Oosthoek encyclopedie

Oosthoek's Uitgevers Mij. N.V (1916-1925)

Gepubliceerd op 24-01-2019

Gilde

betekenis & definitie

Gilde - naam van vereenigingen van kooplieden en menschen, die ’t zelfde ambacht of beroep uitoefenden, in den regel woonden de leden van een g. in een bepaalde buurt of wijk van de stad (vgl. straatnamen als Bakkerstraat, enz.) en hadden zij in de kerk een afzonderlijk altaar. Aan ’t hoofd van het g. stonden de dekens, die vaak door de sted. besturen werden benoemd en geraadpleegd werden bij ’t vaststellen van de gildekeuze. De g. komen reeds vrij vroeg voor in de geschiedenis en hebben herhaaldelijk getracht invloed uit te oefenen op ’t bestuur der steden waarin zij hier en daar ook geslaagd zijn. In de Noord-Ned. verloren zij allen invloed tijdens den 80-j. oorlog.

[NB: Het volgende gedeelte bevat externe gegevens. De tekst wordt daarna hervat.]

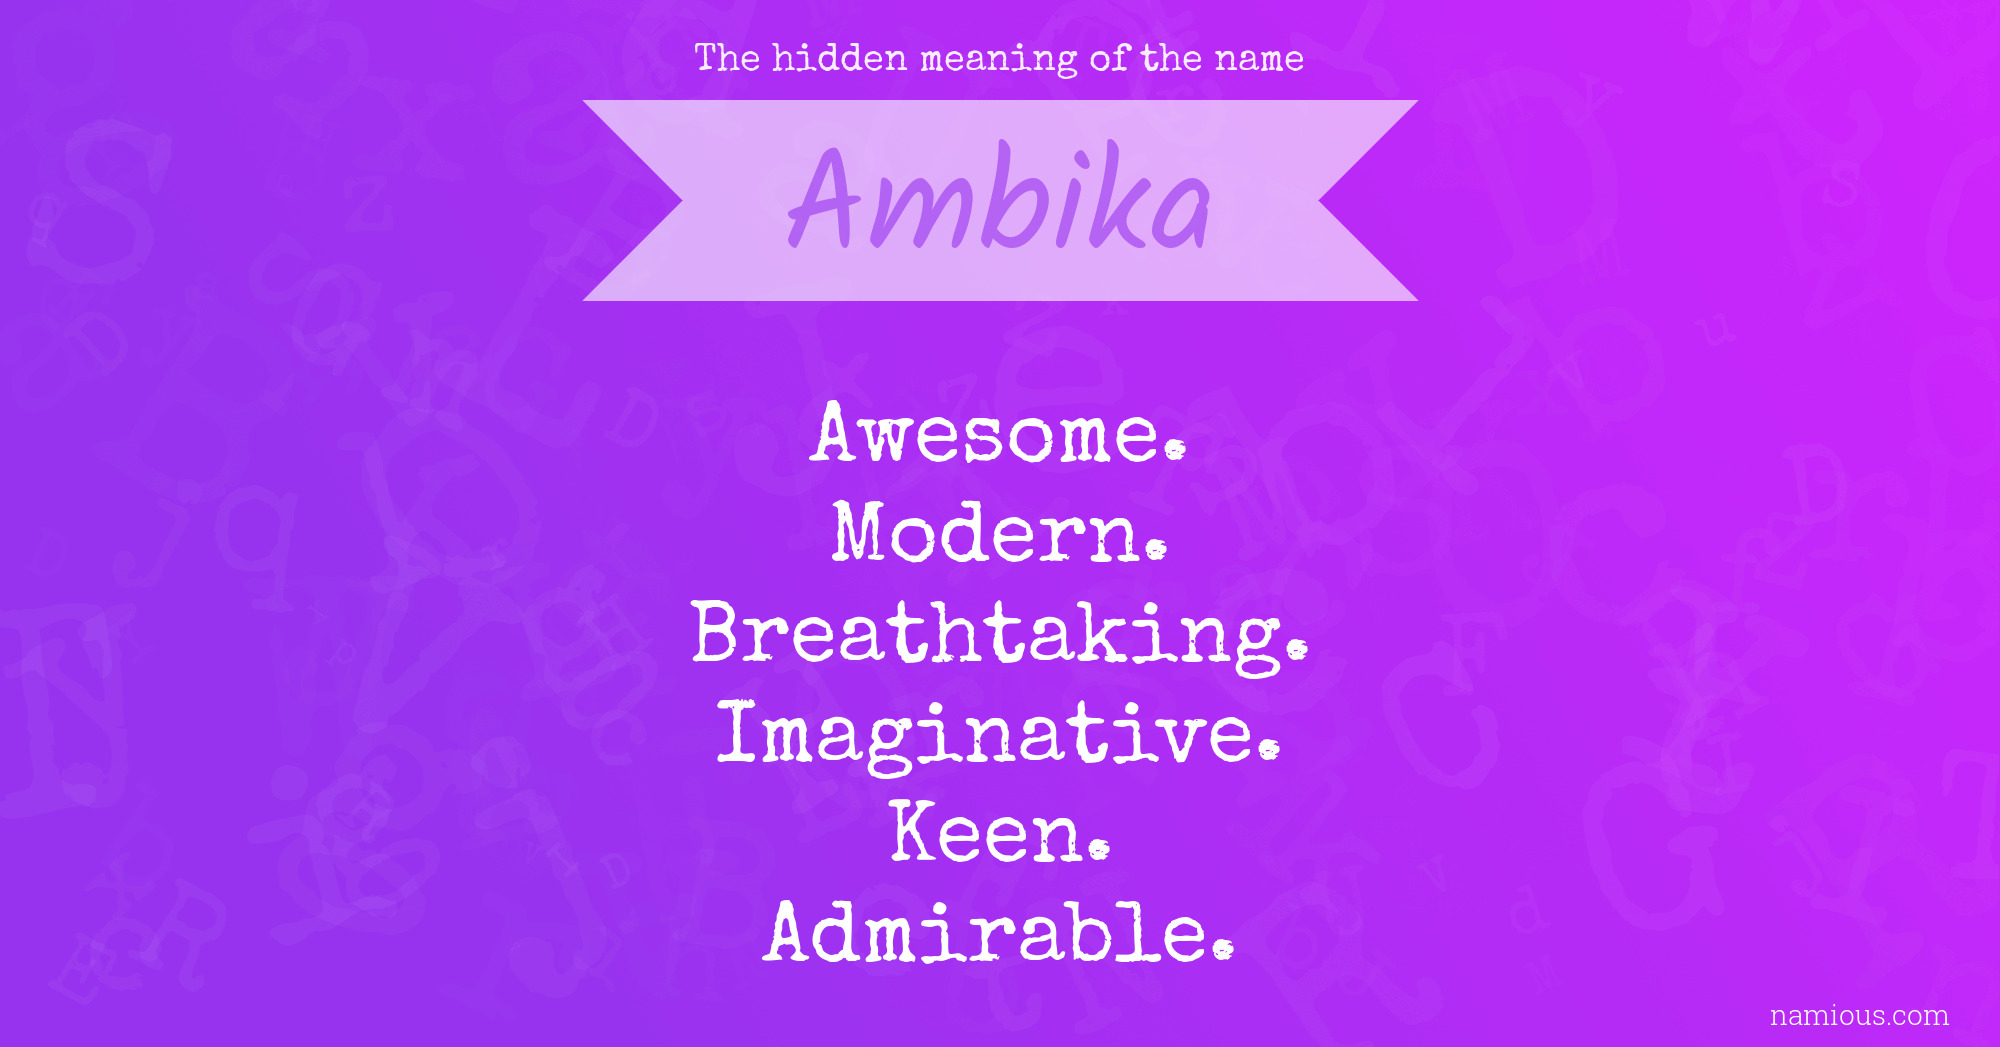 The hidden meaning of the name Ambika

Pogingen, gedaan in 1703 om weer invloed uit te oefenen, mislukten (zie PLOOIERIJ). Nadat door min. Gogel in 1807 ’t uitoefenen van ’t bedrijf vrij was verklaard, verloren alle g., die in den loop der tijden ’t monopolie van een bedrijf of beroep hadden weten te verwerven, alle beteekenis en ver dwenen zij. De betiteling „meester”, die gegeven werd aan een of ander ambachtsman, herinnert nog aan den tijd, dat „meesters” leden van het g. waren (zie MEESTER, GEZEL). Aan de g. herinneren nog vele gildehuizen (o.a. in Brussel), voorwerpen, die op de gildevergaderingen werden gebruikt. (Zie HANSE, STAD, MIDDELEEUWSCHE PARTIJEN).